# Error en el Bios



## yukardo (Ago 28, 2007)

Saludos

Me sale el siguiente error en la pantalla del Bios al iniciar. "Secondary IDE channel no 80 conductor cable installed". desde que me aparece ese error mi pc trabaja mas lento. Si alguien me puede decir como solucionarlo se lo agradeceria. Grcias de antemano


----------



## suisho (Ago 30, 2007)

de casualidad no le pusiste o quitaste algun lector de cd/dvd, o le moviste los cables (si es que has habierto tu compu ultimamente)???


----------



## capitanp (Ago 31, 2007)

Para mi se te rompio el cable o usa no de 40 con una lectora en UltraDMA


----------



## yukardo (Ago 31, 2007)

Antes de eso no habia abierto mi PC. Hace tiempo me paso algo similar y se arreglo solo. Gracias por sus respuestas


----------



## zgouki (Oct 12, 2007)

Yo tengo un error parecido, pero e dice "Floppy disk not found (40)" o algo asi, y obviamente no me anda la disquetera y para iniciar windows 98 debo presiona F1.
Antes de que me apareciera ese mensaje habia abierto la PC y desconectado los cables de la disquetera, quizas se rompieron?
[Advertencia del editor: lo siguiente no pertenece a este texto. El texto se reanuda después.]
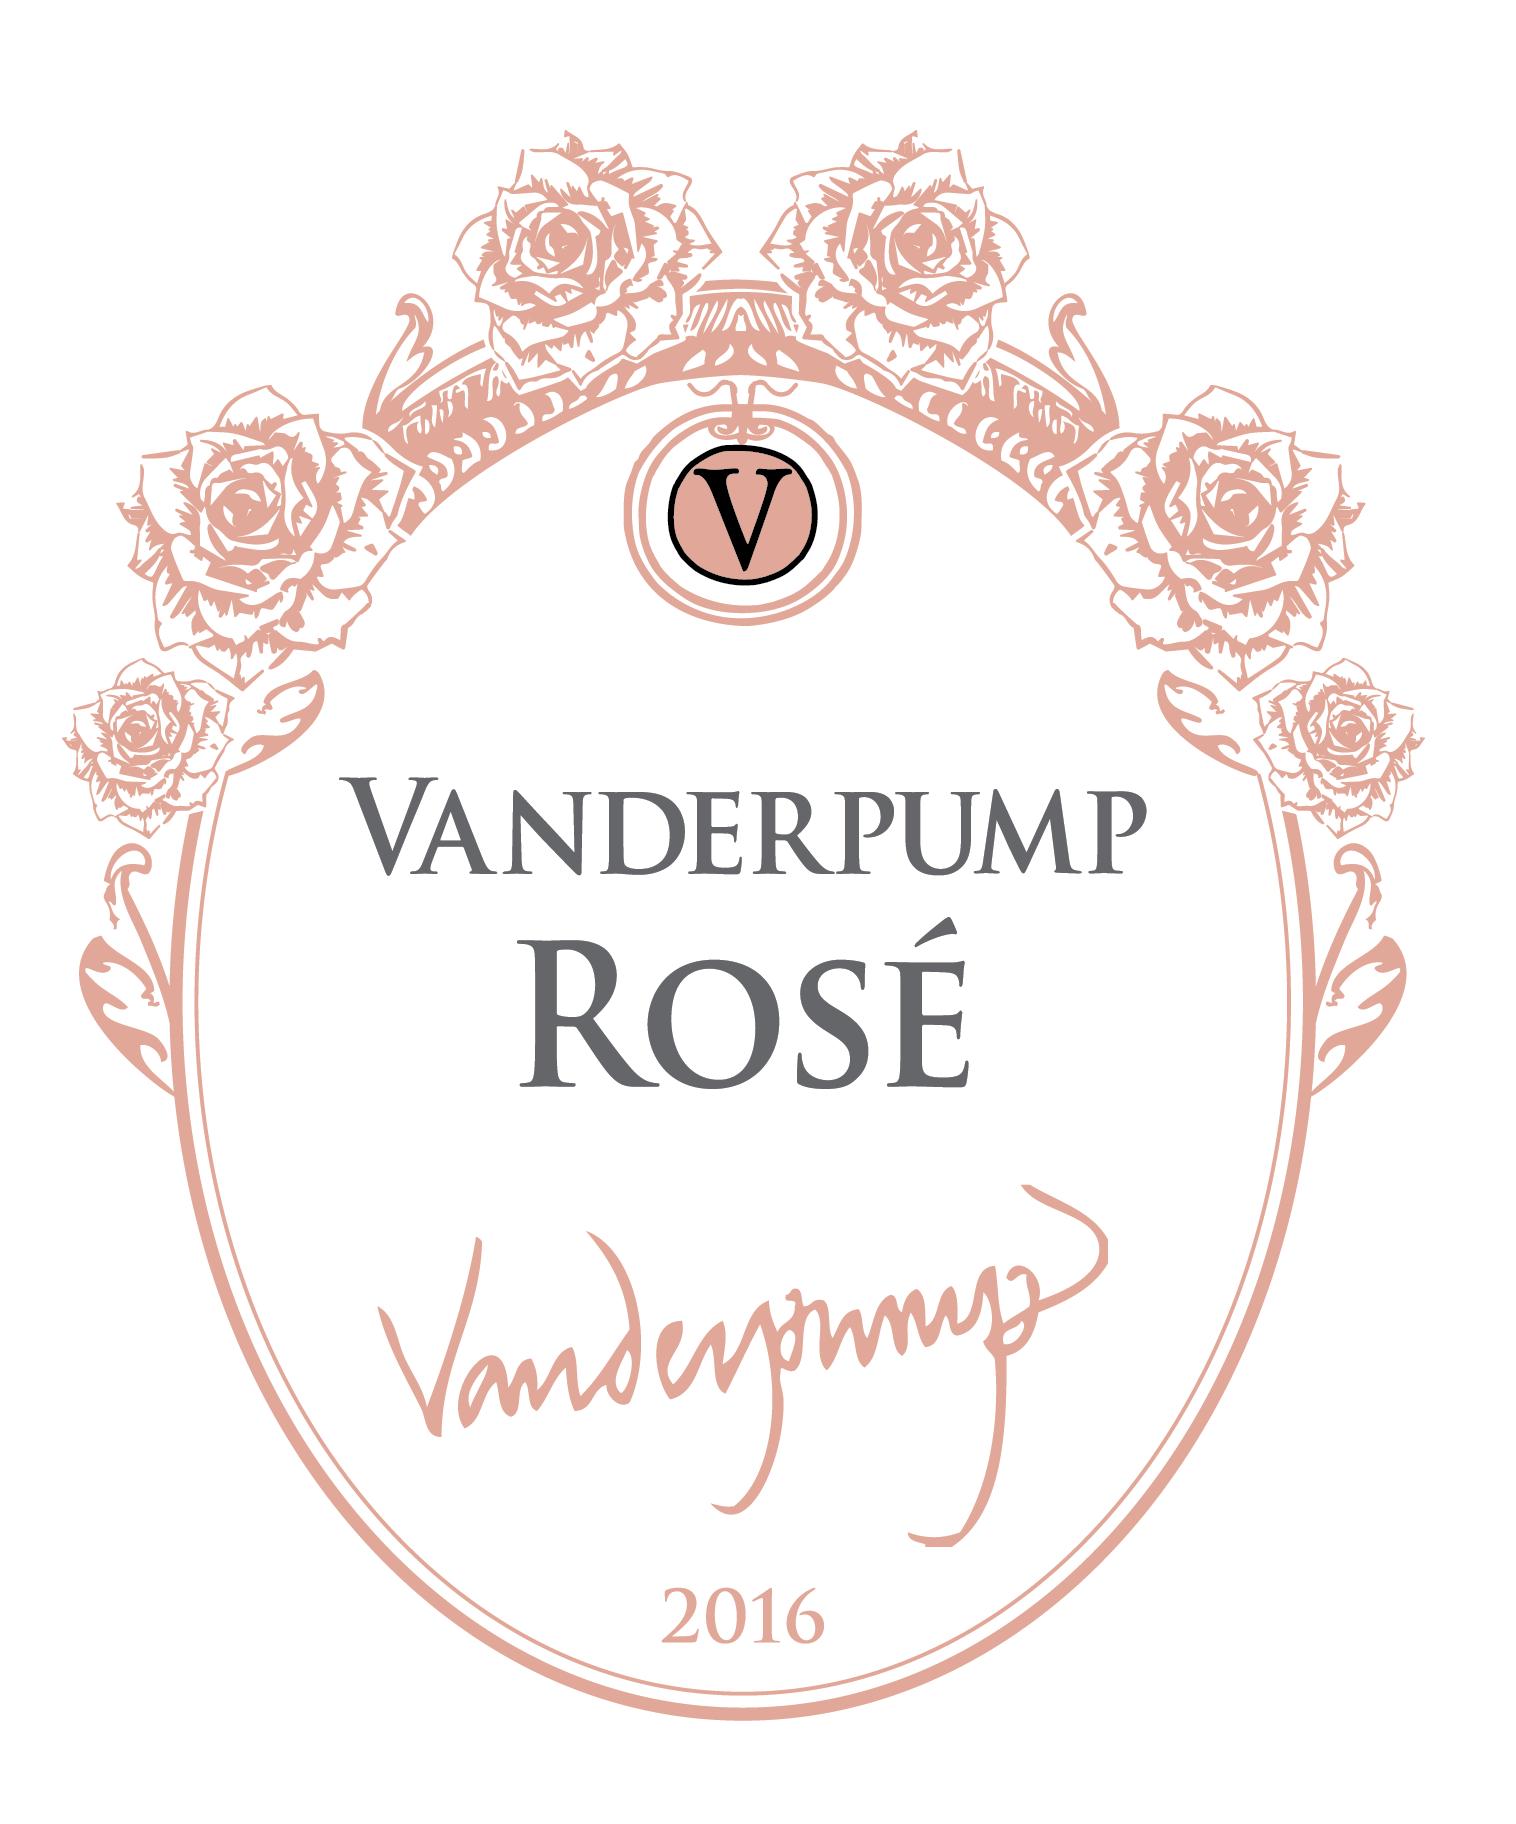 Vanderpump Rose Logo.png

Es raro, porque al arrancar la maquina hace el ruido clásico que siempre hiso al verificar la disquetera y se prende el led, y luego se apaga (eso es normal), pero luego me aparece ese mensaje.He probado con otras disqueteras y lo mismo.Sera el cable?
Saludos


----------



## esneyder (Oct 18, 2007)

hola mira 
lo que sucedio es que tu bios se desconfiguro aparte tienen razon es probable que el ide este roto asi que has esto 
1 entra en el setup de tu pc y busca una opcion que dice "default configuration " o algo asi 
activalo y apaga tu pc 
2 cambia el puente (o correa) del ide 2 
3 intenta actualizar tu bios busca un programa llamado everest instalalo uy el te dara todas las marcas y referencias para poder actualizar tus drivers y el sort de la bios

espero te ayude abrazos


----------



## mapache (Oct 23, 2007)

zqouki:

Lo de tu disketera. el ruido y la luz, todo funciona pues la disketera recibe corriente, no significa que la manguera de datos este bien.

Suerte!


----------